As I suggested earlier, we are wrong to expect that we can cope with the problem through our laws alone. There is a massive attitude problem and I am not sure how we can handle it. In recent years, it has become the norm for young people to drink together. They drink in large groups and they often drink to excess. The phenomenon of "binge drinking" is, as far as I know, something new, within the past decade or so. I believe it is a factor in the frightening escalation of violent behaviour among young people. It seems that we are experiencing a different trend in Ireland than elsewhere. Visitors from the US have told me they find it incredible to see so many young people drinking in Ireland, to a far greater extent than in the US.

Perhaps the hard truth is that our society has not taken sufficient care about the way we have relaxed our norms of behaviour. At one time, parental control was strict, especially in the matter of drinking. It was common for people not to take a drink until they were 21. In recent years, we have become more permissive in our attitudes towards the behaviour of young people. Unfortunately, for some people that has gone to the point where parents think that the proper thing to do is to exercise no control at all.

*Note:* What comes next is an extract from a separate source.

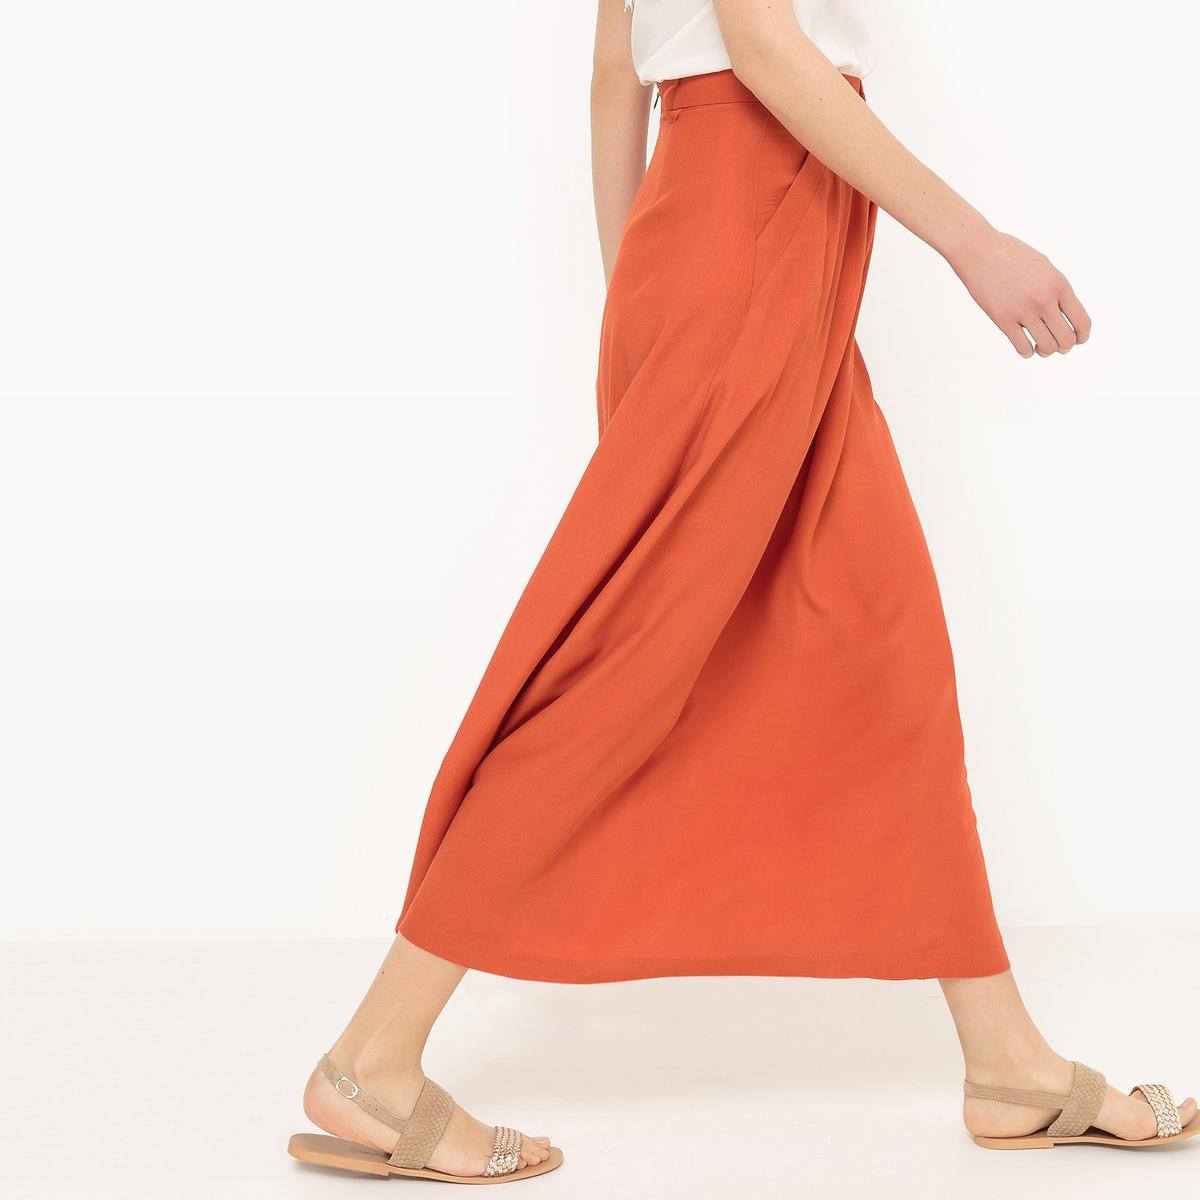 Юбка длинная, расклешенная, однотоннаяОписание:Детали  •  Форма : МАКСИ •  Удлиненная модель Состав и уход •  100% полиэстер •  Следуйте советам по уходу, указанным на этикетке<br><br>Цвет: оранжевый<br>Размер: XL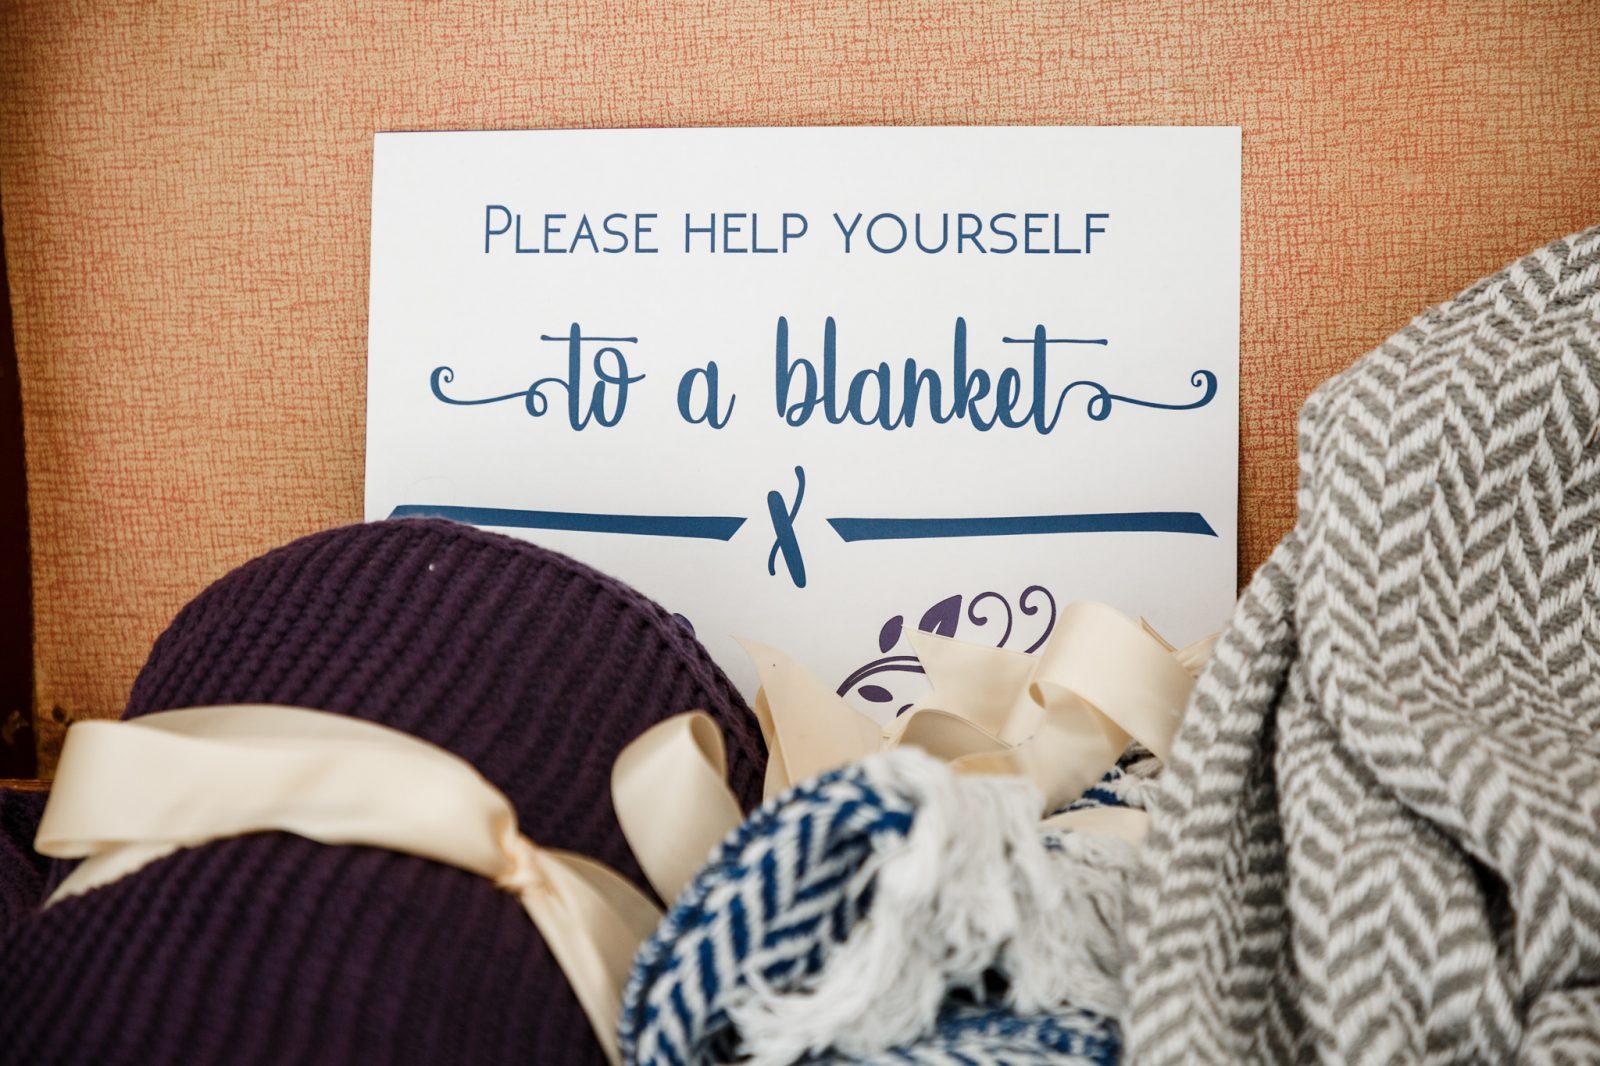 help-yourself-blankets-wedding

I remember when I first started going to France being surprised and somewhat shocked to find that young children were allowed to drink wine. When I got to know France a little better, I realised that young people were actually being taught how to drink responsibly and moderately. They were given wine only as part of a meal, they were never given more than one glass and often the wine was well diluted. They were taught to regard alcohol as part of daily life, to be used carefully and in moderation. 

Such an approach is better than holding out alcohol to young people as a forbidden fruit which, of course, creates a desire to have it. It is certainly a better approach than allowing young teenagers to drink without controls, or ignoring what one knows is going on once they are out of the house.

Let me give an example of how pervasive our attitudes have become in this regard. Within the past few days, I heard a radio commercial that shocked me because of the attitude it reflected. It was not a commercial for alcohol. It was selling mobile phones, using a young male voice. I regret that I have not got the acting ability to portray the authentic accent.

It ran as follows:

"Ah, it was a brilliant night. There was such a good crowd. You should have come out. Mark was given a load. Aoife got thrown out of the toilet and Nicola fell asleep while some lad was chatting her up. What? No, we lost Helen somewhere with somebody else. And then we all went back to a party. Yeh, and then we could not get a taxi and I ended up walking home."

That was delivered by a young male voice on the radio, and it was not selling alcohol. At first, I thought perhaps it was an advertisement to warn against the pitfalls of alcohol, but it turned out to be an advertisement for mobile phones.

Running underneath all this is the assumption that the norm for a young person's great night out is for a crowd of them to get drunk to the point of unconsciousness. This is taken as so commonplace that, when I complained about the commercial to the chief executive of the company concerned, I was told it had been passed by RTE, that it had nothing to do with drink and that nobody else had complained.

I do not want to single out that company in particular because that is typical of a very widely-held attitude within our community. We should face up to the reality that we are not going to make major inroads into the problem of young people drinking, until we decide to do something about the attitudes which tolerate and, indeed, encourage such behaviour.

Meanwhile, as we wait for attitudes to change, we could do something concrete about the identity card scheme.